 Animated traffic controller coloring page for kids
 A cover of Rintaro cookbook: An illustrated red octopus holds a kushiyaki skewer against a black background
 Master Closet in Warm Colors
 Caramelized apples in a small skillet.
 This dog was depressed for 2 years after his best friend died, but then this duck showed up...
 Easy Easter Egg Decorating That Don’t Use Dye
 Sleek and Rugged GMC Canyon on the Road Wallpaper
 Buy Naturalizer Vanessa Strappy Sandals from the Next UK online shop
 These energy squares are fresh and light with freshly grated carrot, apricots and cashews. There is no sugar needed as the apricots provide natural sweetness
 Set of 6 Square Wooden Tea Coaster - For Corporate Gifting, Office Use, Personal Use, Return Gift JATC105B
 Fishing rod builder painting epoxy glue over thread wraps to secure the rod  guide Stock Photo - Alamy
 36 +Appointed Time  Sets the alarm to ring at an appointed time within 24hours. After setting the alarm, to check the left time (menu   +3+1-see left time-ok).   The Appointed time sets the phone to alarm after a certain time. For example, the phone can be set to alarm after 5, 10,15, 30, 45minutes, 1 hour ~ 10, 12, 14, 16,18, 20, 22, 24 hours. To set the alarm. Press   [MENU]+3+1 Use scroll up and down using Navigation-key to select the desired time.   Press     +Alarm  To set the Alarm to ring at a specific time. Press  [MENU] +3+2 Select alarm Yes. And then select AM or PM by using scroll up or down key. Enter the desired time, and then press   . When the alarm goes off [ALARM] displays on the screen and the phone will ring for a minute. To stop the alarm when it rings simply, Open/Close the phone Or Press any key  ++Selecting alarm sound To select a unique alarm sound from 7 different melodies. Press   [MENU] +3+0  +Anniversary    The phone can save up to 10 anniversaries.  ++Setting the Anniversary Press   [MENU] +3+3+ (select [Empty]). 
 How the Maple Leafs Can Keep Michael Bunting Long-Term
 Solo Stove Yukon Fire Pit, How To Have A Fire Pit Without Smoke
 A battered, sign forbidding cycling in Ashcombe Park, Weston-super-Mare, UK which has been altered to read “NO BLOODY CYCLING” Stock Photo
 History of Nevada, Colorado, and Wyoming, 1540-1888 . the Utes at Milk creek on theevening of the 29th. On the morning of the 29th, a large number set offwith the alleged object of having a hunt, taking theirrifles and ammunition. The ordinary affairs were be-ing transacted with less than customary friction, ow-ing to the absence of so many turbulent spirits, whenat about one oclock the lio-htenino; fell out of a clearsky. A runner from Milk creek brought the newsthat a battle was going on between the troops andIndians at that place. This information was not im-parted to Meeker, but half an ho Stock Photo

## TASK INSTRUCTIONS
The data given above must be transcribed exactly and completely.

## YOUR SOLUTION
 Animated traffic controller coloring page for kids
 A cover of Rintaro cookbook: An illustrated red octopus holds a kushiyaki skewer against a black background
 Master Closet in Warm Colors
 Caramelized apples in a small skillet.
 This dog was depressed for 2 years after his best friend died, but then this duck showed up...
 Easy Easter Egg Decorating That Don’t Use Dye
 Sleek and Rugged GMC Canyon on the Road Wallpaper
 Buy Naturalizer Vanessa Strappy Sandals from the Next UK online shop
 These energy squares are fresh and light with freshly grated carrot, apricots and cashews. There is no sugar needed as the apricots provide natural sweetness
 Set of 6 Square Wooden Tea Coaster - For Corporate Gifting, Office Use, Personal Use, Return Gift JATC105B
 Fishing rod builder painting epoxy glue over thread wraps to secure the rod  guide Stock Photo - Alamy
 36 +Appointed Time  Sets the alarm to ring at an appointed time within 24hours. After setting the alarm, to check the left time (menu   +3+1-see left time-ok).   The Appointed time sets the phone to alarm after a certain time. For example, the phone can be set to alarm after 5, 10,15, 30, 45minutes, 1 hour ~ 10, 12, 14, 16,18, 20, 22, 24 hours. To set the alarm. Press   [MENU]+3+1 Use scroll up and down using Navigation-key to select the desired time.   Press     +Alarm  To set the Alarm to ring at a specific time. Press  [MENU] +3+2 Select alarm Yes. And then select AM or PM by using scroll up or down key. Enter the desired time, and then press   . When the alarm goes off [ALARM] displays on the screen and the phone will ring for a minute. To stop the alarm when it rings simply, Open/Close the phone Or Press any key  ++Selecting alarm sound To select a unique alarm sound from 7 different melodies. Press   [MENU] +3+0  +Anniversary    The phone can save up to 10 anniversaries.  ++Setting the Anniversary Press   [MENU] +3+3+ (select [Empty]). 
 How the Maple Leafs Can Keep Michael Bunting Long-Term
 Solo Stove Yukon Fire Pit, How To Have A Fire Pit Without Smoke
 A battered, sign forbidding cycling in Ashcombe Park, Weston-super-Mare, UK which has been altered to read “NO BLOODY CYCLING” Stock Photo
 History of Nevada, Colorado, and Wyoming, 1540-1888 . the Utes at Milk creek on theevening of the 29th. On the morning of the 29th, a large number set offwith the alleged object of having a hunt, taking theirrifles and ammunition. The ordinary affairs were be-ing transacted with less than customary friction, ow-ing to the absence of so many turbulent spirits, whenat about one oclock the lio-htenino; fell out of a clearsky. A runner from Milk creek brought the newsthat a battle was going on between the troops andIndians at that place. This information was not im-parted to Meeker, but half an ho Stock Photo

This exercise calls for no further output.